Personal and animal safety
Before photographing mountain goats in these extreme environments, some safety precautions need to be mentioned. Lightning storms are a serious concern above the tree line.
A harmless-looking cloud can quickly be followed by serious storm clouds, and when this happens, anyone in the alpine tundra should immediately descend and seek shelter.
Snowstorms can happen any time of year above 13,000 feet, so winter gear and precautions should always be considered. Strong winds are common in alpine regions and photographers should use extra caution when around cliffs or steep drop-offs.
Finally, if someone came from a significantly lower elevation and that person hasn’t had time to acclimate to the lower oxygen levels, they should take it easy when walking or hiking in the high country.
To avoid serious altitude sickness, anyone who experiences the first signs of dizziness, headaches, or other unsettled feelings should immediately move down to a lower elevation.
Mountain goats are much more adapted to these environments than people. However, as photographers, we don’t want to push them beyond their adaptations.
Do not approach them in a manner that will cause a change in behaviour, such as pushing them out of a feeding area or causing the young ones to separate from the herd.
Move slowly and quietly when around mountain goats. Startling them could cause them to waste energy by running to the cliffs and they could sustain unnecessary injuries, making them more susceptible to predation from mountain lions and wolves.
If surprised or cornered, mountain goats have been known to impale people with their sharp horns.
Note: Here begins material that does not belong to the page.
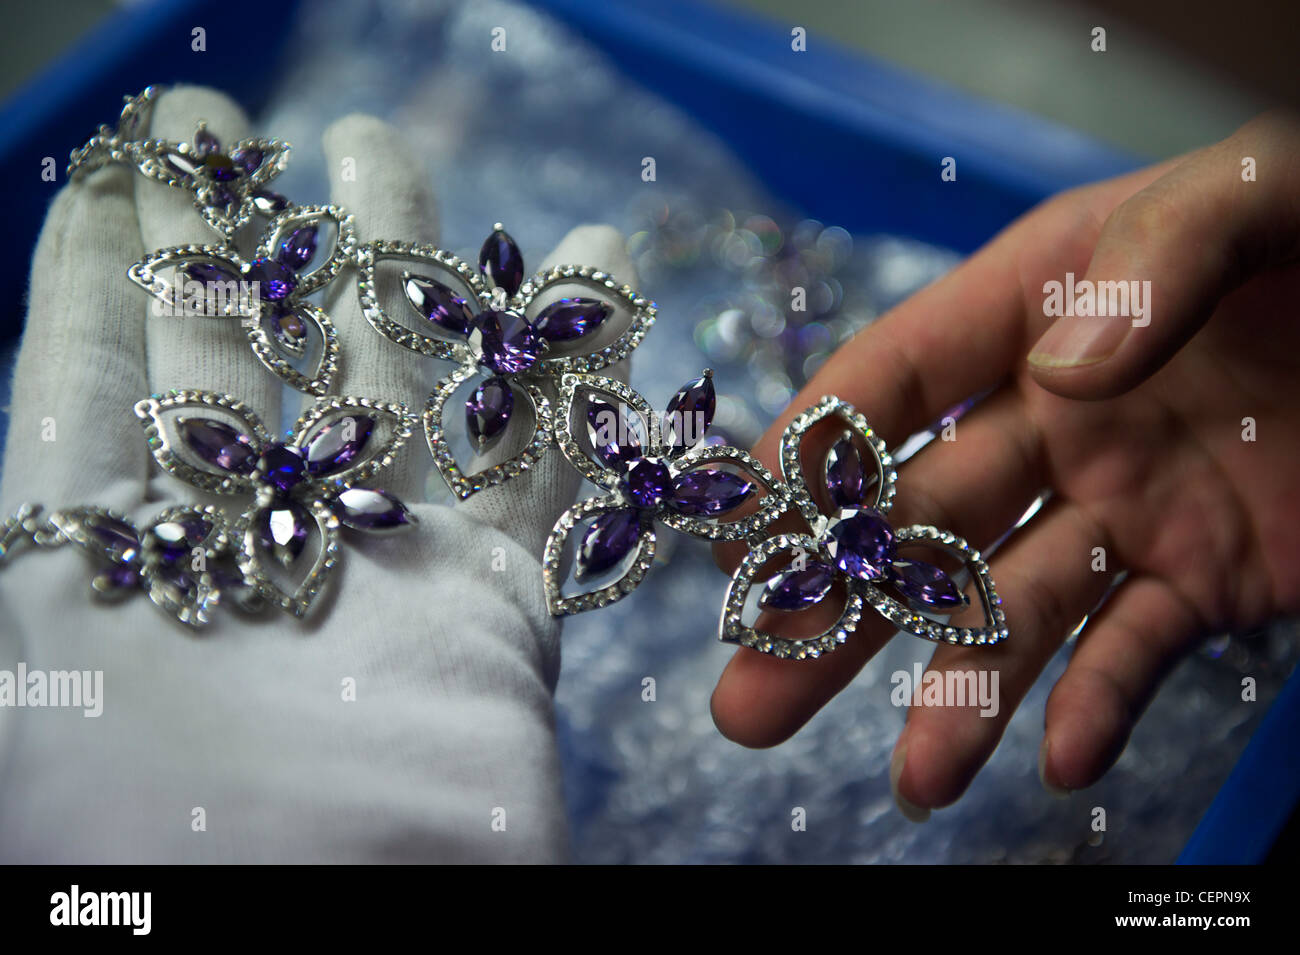 Employees make fashion jewelry in Zhejiang Neoglory Jewelry Co., Ltd. in Yiwu, Zhejiang, China.  07-Nov-2011 - Stock Image

This is a natural response to predators, and we don’t want to trigger that response.
Allow them to act naturally and do not chase them, just be with them. They will pay you back with wonderful photo opportunities from a respectful distance.
Mountain goat range
Since mountain goats are high up in the mountains, they can be somewhat inaccessible, even for most long-distance landscape-type images.
In the mountains of the western United States, there are roads that go high above tree lines and over mountain passes where mountain goats are close to the roads. Here they are easily photographed from the car or from a respectful distance when on foot.
In Colorado, many of the 13,000- and 14,000-foot peaks have mountain goats along the hiking trails. This is often a more rewarding way to see a mountain goat and provides more unique images.
In Montana, they are often seen on Beartooth Pass and in Glacier National Park. A quick search on the internet will help you find the exact locations that are frequented by mountain goats in the US and Canada throughout their range.
When the mountain goats are on the remaining snow, high-key images can be made to help communicate the lonely existence of living at these altitudes through the long winters.
Be sure to adjust your exposure so that the snow is captured as bright whites, without going beyond the dynamic range (i.e., blowing out the whites).
Also, under the right lighting conditions, images of mountain goats on snow are especially effective with a backdrop of dark mountain cliffs. This may produce low-key images where most of the image is dark, except for the mountain goat.
Springtime is also when mountain goats begin to shed their thick winter coats. Although not very tidy looking, this provides unique and gritty images of mountain goats with thick locks of hair hanging from their bodies or being blown in the wind.
Often their hair is dirty or muddy by the spring and this provides an extra level of grittiness to your images. So if the mountain goat doesn’t look nice a clean, don’t shy away from making intriguing images with all the grit and dirt.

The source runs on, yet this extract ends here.